Politics Magazine

Thoughts on the Immigration Bill

Posted on the 01 November 2013 by Thepoliticalidealist @JackDarrant

Immigration policy, as it stands in the UK, is in desperate need of reform. Illegal immigration is visibly damaging British society, whilst, just as importantly, harming migrants themselves. Health tourism, though thought to take up less than 1% of the NHS’ budget, is a real phenomenon which undermines the co-operative values that underpin the service. On the other hand, I am very keen to emphasize that the proposals set out in the Immigration Bill should be designed to protect immigrants, legal or otherwise, from exploitation or harm. I will therefore look at each area covered by the Bill in turn.

Access to public services

In the UK, the Welfare State was, and continues to be, built on the contributory principle. Although social security tends to be based on means-testing or universal benefits today, there is still a social understanding that everybody who is able to contribute to the welfare system should do so through tax, and can expect state assistance should they fall on hard times. This noble concept is embraced by the vast number of immigrants, who in fact claim less in benefits per head than British-born citizens. 95% of people, be they UK-born or migrant, pay their share and do not abuse our benefits system. However, there is plenty of anecdotal evidence to suggest that a sizeable minority of EU migrants will come to the UK because our welfare system is more favourable to newcomers. This just isn’t fair. So I support the concept of a residency test for full social security rights and access to free healthcare. If all social security claimants had to have been resident in the UK for, say, two years, it would represent a balanced and reasonable approach to protecting our invaluable ‘safety net’.
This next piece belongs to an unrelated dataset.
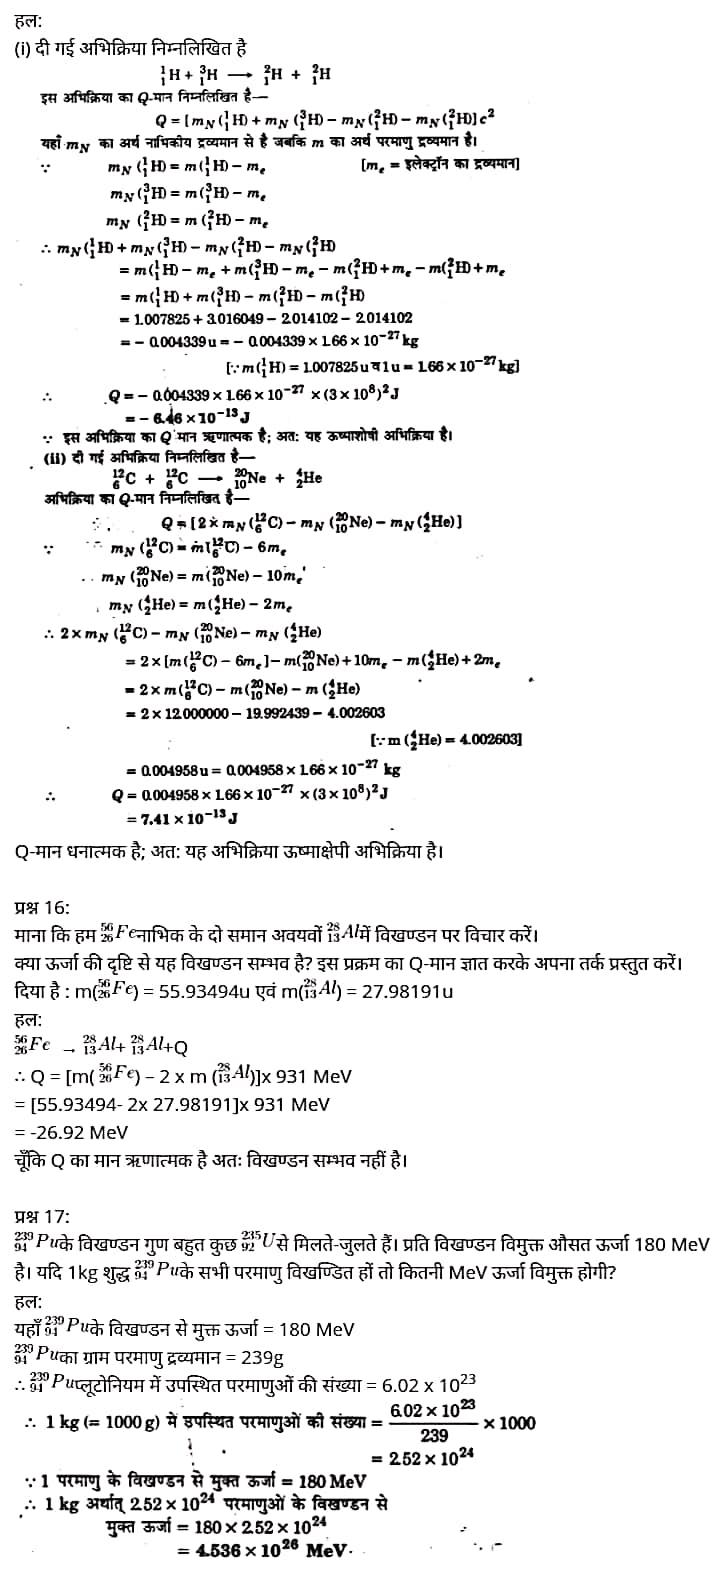 """""""Class 12 Physics Chapter 13"""", """"Nuclei"""", """"(नाभिक)"""",  भौतिक विज्ञान कक्षा 12 नोट्स pdf,  भौतिक विज्ञान कक्षा 12 नोट्स 2021 NCERT,  भौतिक विज्ञान कक्षा 12 PDF,  भौतिक विज्ञान पुस्तक,  भौतिक विज्ञान की बुक,  भौतिक विज्ञान प्रश्नोत्तरी Class 12, 12 वीं भौतिक विज्ञान पुस्तक up board,  बिहार बोर्ड 12 वीं भौतिक विज्ञान नोट्स,   12th Physics book in hindi,12th Physics notes in hindi,cbse books for class 12,cbse books in hindi,cbse ncert books,class 12 Physics notes in hindi,class 12 hindi ncert solutions,Physics 2020,Physics 2021,Maths 2022,Physics book class 12,Physics book in hindi,Physics class 12 in hindi,Physics notes for class 12 up board in hindi,ncert all books,ncert app in hindi,ncert book solution,ncert books class 10,ncert books class 12,ncert books for class 7,ncert books for upsc in hindi,ncert books in hindi class 10,ncert books in hindi for class 12 Physics,ncert books in hindi for class 6,ncert books in hindi pdf,ncert class 12 hindi book,ncert english book,ncert Physics book in hindi,ncert Physics books in hindi pdf,ncert Physics class 12,ncert in hindi,old ncert books in hindi,online ncert books in hindi,up board 12th,up board 12th syllabus,up board class 10 hindi book,up board class 12 books,up board class 12 new syllabus,up Board Maths 2020,up Board Maths 2021,up Board Maths 2022,up Board Maths 2023,up board intermediate Physics syllabus,up board intermediate syllabus 2021,Up board Master 2021,up board model paper 2021,up board model paper all subject,up board new syllabus of class 12th Physics,up board paper 2021,Up board syllabus 2021,UP board syllabus 2022,  12 वीं भौतिक विज्ञान पुस्तक हिंदी में, 12 वीं भौतिक विज्ञान नोट्स हिंदी में, कक्षा 12 के लिए सीबीएससी पुस्तकें, हिंदी में सीबीएससी पुस्तकें, सीबीएससी  पुस्तकें, कक्षा 12 भौतिक विज्ञान नोट्स हिंदी में, कक्षा 12 हिंदी एनसीईआरटी समाधान, भौतिक विज्ञान 2020, भौतिक विज्ञान 2021, भौतिक विज्ञान 2022, भौतिक विज्ञान  बुक क्लास 12, भौतिक विज्ञान बुक इन हिंदी, बायोलॉजी क्लास 12 हिंदी में, भौतिक विज्ञान नोट्स """

When there is a genuine crisis with a shortfall of homes, forcing millions of families to live in overcrowded, overpriced accommodation, there is deep public resentment (as a political activist, I find this is a matter which crops up regularly when I am canvassing). People resent what they see as widespread practices of a) legal migrants further increasing demand for limited housing stock b) illegal immigrants living in illegally overcrowded, sub-let flats. This is the widespread public perception, and it is in part true. After all, illegal migrants can be exploited by shady landlords who know that if either party reports the other for breaking immigration or housing law, the other party will be exposed as well. So yes, right of residency checks for tenants would help eliminate a massive social problem and protect tenants.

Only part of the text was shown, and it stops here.